Eager to divest of embarrassment the APA claims it is currently attempting to prohibit members from working with DOD interrogators of detainees, while the DOD blithely continues to place psychologists with its teams employing tubal forced feeding (used as torture and punishment) at Guantanamo. ((Spencer Ackerman, “Guantanamo Bay psychologists to remain despite APA torture fallout,” The Guardian, July 15, 2015.)) By now the program is firmly in place. The DOD can ‘buy’ cooperative psychologists to continue the madness. If the APA were seriously horrified by the Hoffman report’s definitive evidence, it would bring charges against its employees and members who are guilty of war crimes. The opportunity is there at the APA annual Convention from August 6 through 9 in Toronto, where membership is also exposed to both Canadian and International law. Under the Conservative Party Canadian law has been reluctant to confront U.S. politicians known for their role in torture but may be less in awe of working psychologists.
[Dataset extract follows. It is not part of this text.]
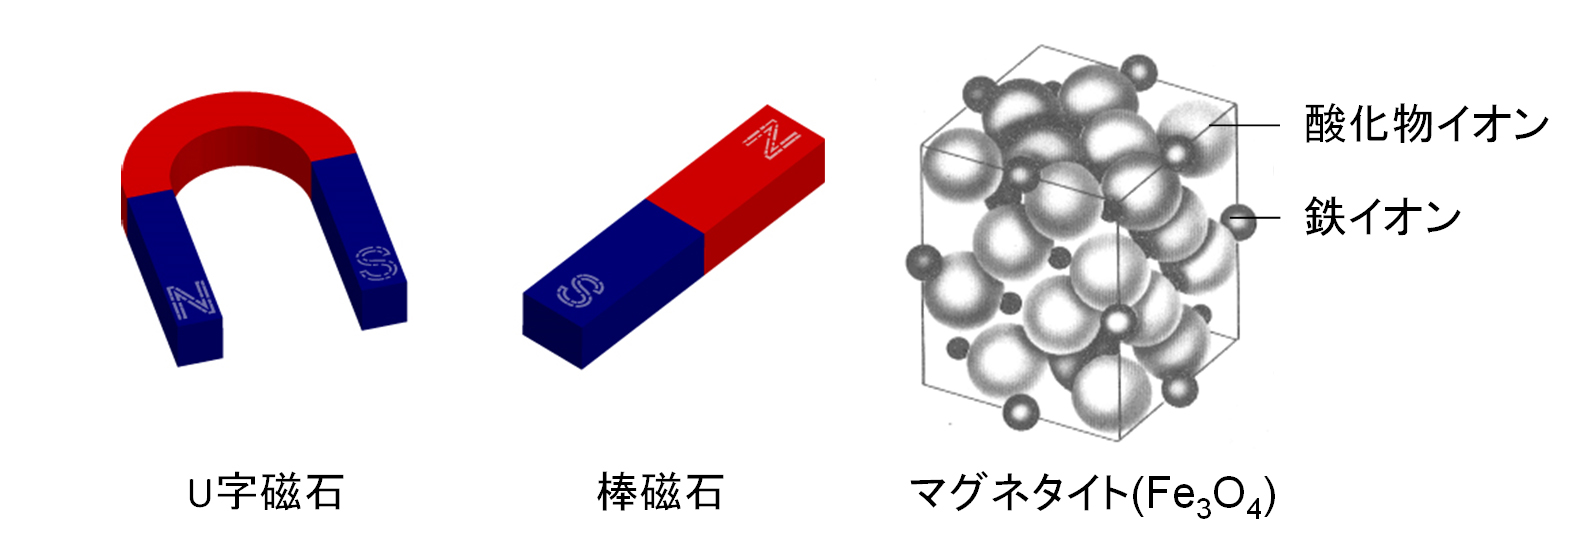 磁場に強く 電流も流れない 錆びない理想的なフェライト棒磁石の開発に成功 東京大学 大学院理学系研究科 理学部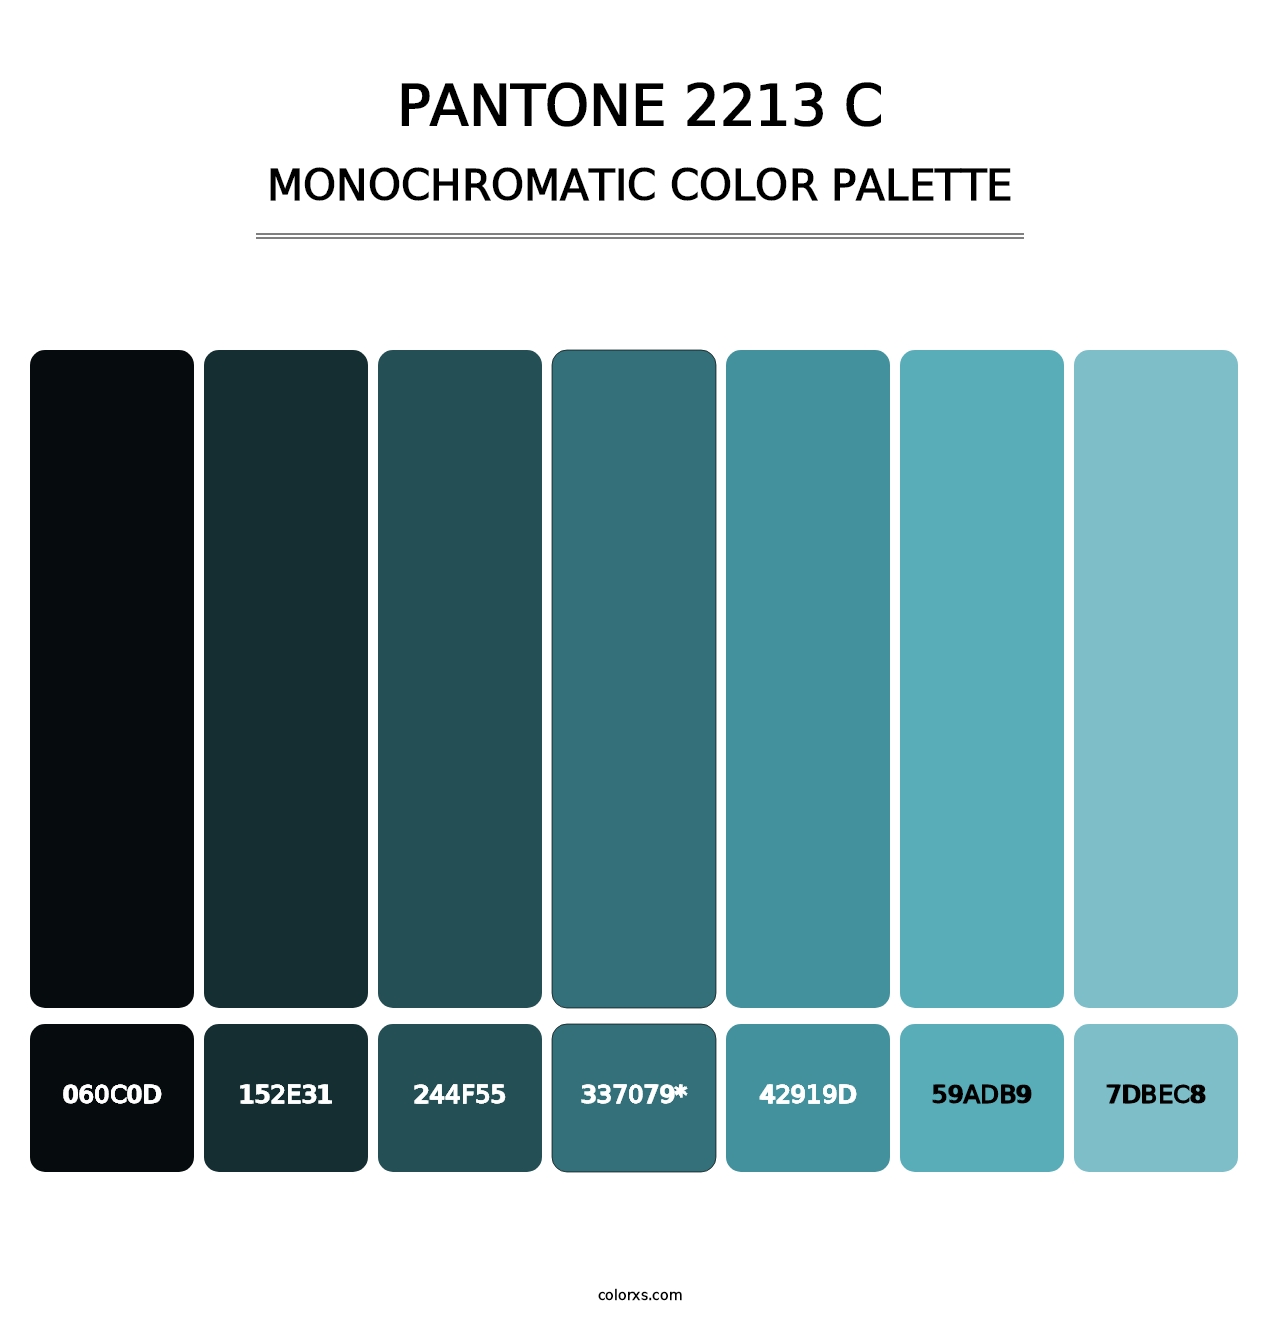 PANTONE 2213 C - Monochromatic Color Palette

In the U.S. the legal system has failed to effectively prosecute government employees known to have committed war crimes and torture. From the Bush administration, George Bush, Richard Cheney, Condoleezza Rice, Donald Rumsfeld, Colin Powell, George Tenet, John Ashcroft, John Yoo, Jay Bybee, David Addington, William Haynes and Alberto Gonzalez, are considered to have committed violations of the Torture Statute and War Crimes Act. ((Marjorie Cohn, “Under U.S. Law Torture is Always Illegal,” Counterpunch, May 6, 2008.)) Lack of prosecution encourages others to commit equivalent crimes. As the overwhelming Senate vote this June 16th to ban torture suggests, Americans don’t like torture, even when it’s okayed by the experts. To change course, the U.S. must stop protecting its torturers. Leadership’s resolute march into a future devoid of humanity can be stopped with application of the laws already in place. Use of torture is only one symptom of a criminal state. Another is the murder of citizens by their own government. Another is wars of aggression. Another is police murders of select minority groups. Among other crimes endangering the people’s survival.